Long before cryptocurrency speculators got involved, art prices were capricious—as the British artist Banksy no doubt understands. Recently, the work “Game Changer,” which he delivered unsolicited to an English hospital last year, earned it $23.2 million at auction—about $20 million more than experts had predicted. Banksy has famously mocked high-priced sales: In 2006’s “Morons,” he portrays an auction house selling a work that reads i can’t believe you morons actually buy this shit.

Last month a company called Injective Protocol took the spirit of “Morons” to a new extreme: After purchasing one of 500 prints of that work for just under $100,000, the company scanned the print and then destroyed it. A copy of the resulting digital file was then placed on IPFS—a distributed data-storage network whose initials stand for interplanetary file system—for anyone to see. A “non-fungible token,” or NFT, that points to the work was exchanged for almost 230 units of a cryptocurrency called Ether, about $400,000. All things considered, the purchaser of that token might have been in on the joke rather than the butt of it: Some NFTs are selling for tens of millions of dollars.

These high prices suggest that regulators may not be moving quickly enough to protect unsuspecting investors. Impulsively buying GameStop shares on Robinhood is risky enough—the equivalent of placing a long-shot Kentucky Derby bet because the horse had a cool name. Worse still is losing your money because you didn’t understand what a horse race was and thought your wager was actually buying a horse.

Derek Thompson: The GameStop story you think you know is wrong

Yet the presumption that NFT buyers are being ripped off misses an important paradox of certain digital goods: The less of a link they have to tangible, non-internet stores of value, the higher the price they might command. NFTs’ abstraction, their seemingly arbitrary valuation, and even the paltriness of the privileges they convey to their owners are, for now, big selling points, especially to buyers purchasing directly from artists. People have complex reasons for buying things, and NFTs are no exception.

In the long history of technology and finance, new and complicated phenomena have frequently led to large sums of money rapidly changing hands. In fact, many markets depend on this dynamic, especially in arcane realms even more disconnected from real-world referents than NFTs are. During the 2008 financial crisis, another three-letter acronym—CDOs, for collateralized debt obligations—collapsed as curiously as they came about, giving rise to the 2008 financial crisis. The complexity that makes them so sketchy in the eyes of regulators and financial commentators appealed to certain investors.
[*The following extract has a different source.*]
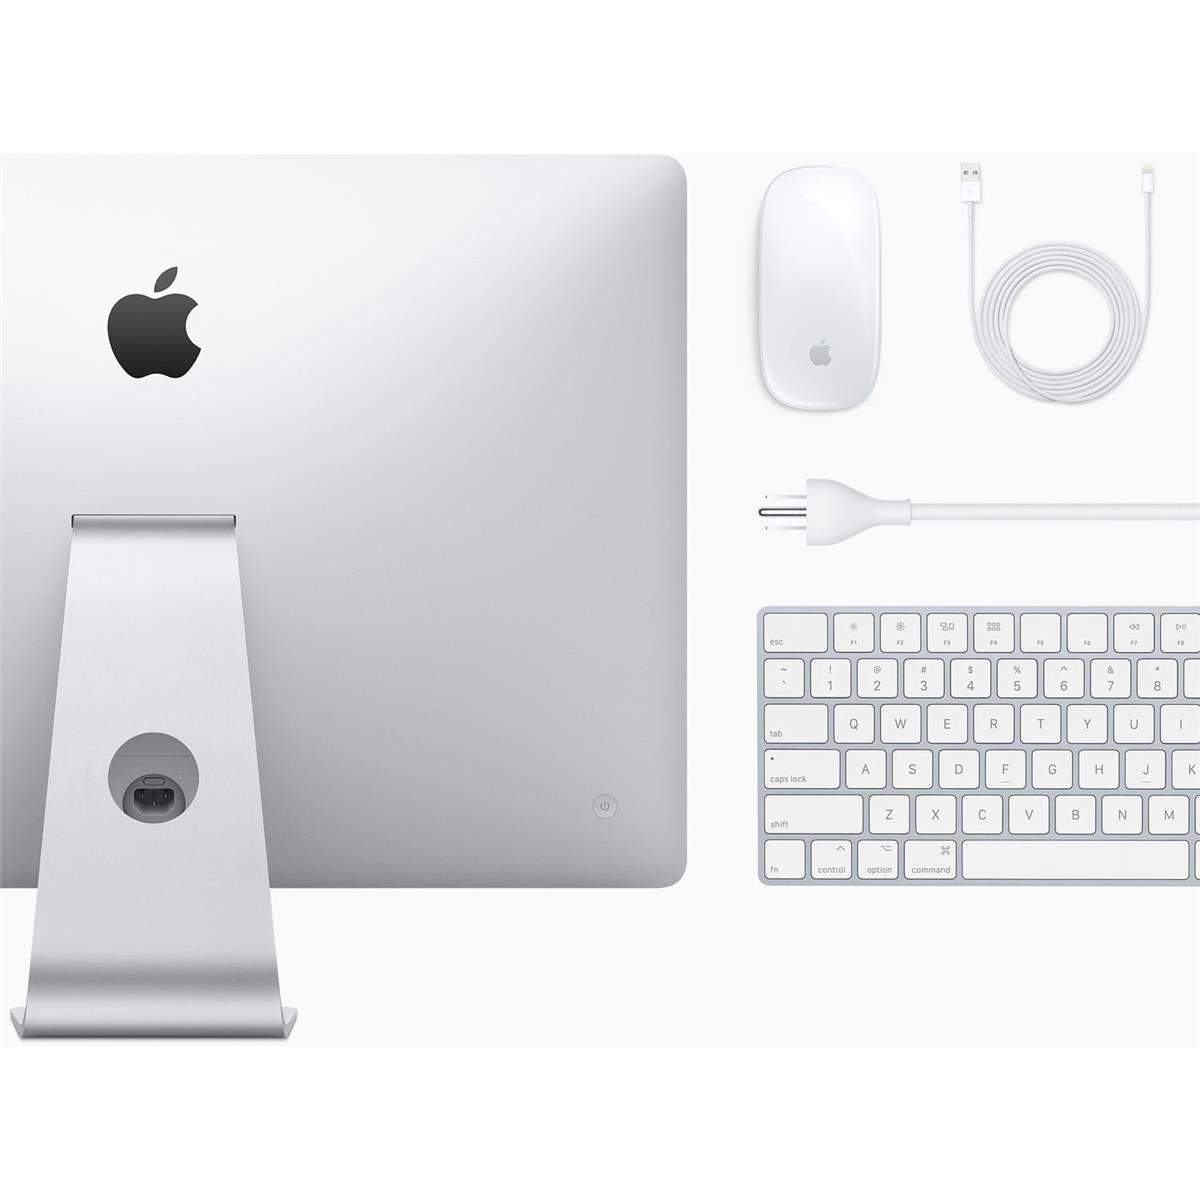 doel Brullen George Bernard 2017 27″ iMac 3.4GHz quad-core Intel Core i5 with Retina 5K display  Thunderbolt 3 (USB-C) ports – MacPro-LA

Some artists and other content creators have described the NFT craze as a blessing. They’re selling comic books, music albums, digital artwork, tweets, basketball videos, and even farts, in many cases for large sums of money, on a “blockchain,” a collectively generated, public, distributed ledger that undergirds cryptocurrencies such as bitcoin and Ethereum. Some artists, such as the Canadian DJ deadmau5, are cashing in even as they declare skepticism. After acknowledging that he’d made a “low effort NFT,” deadmau5 told his Instagram followers that “artists are happy to have finally found a way to fuck people over harder than any major label ever could.”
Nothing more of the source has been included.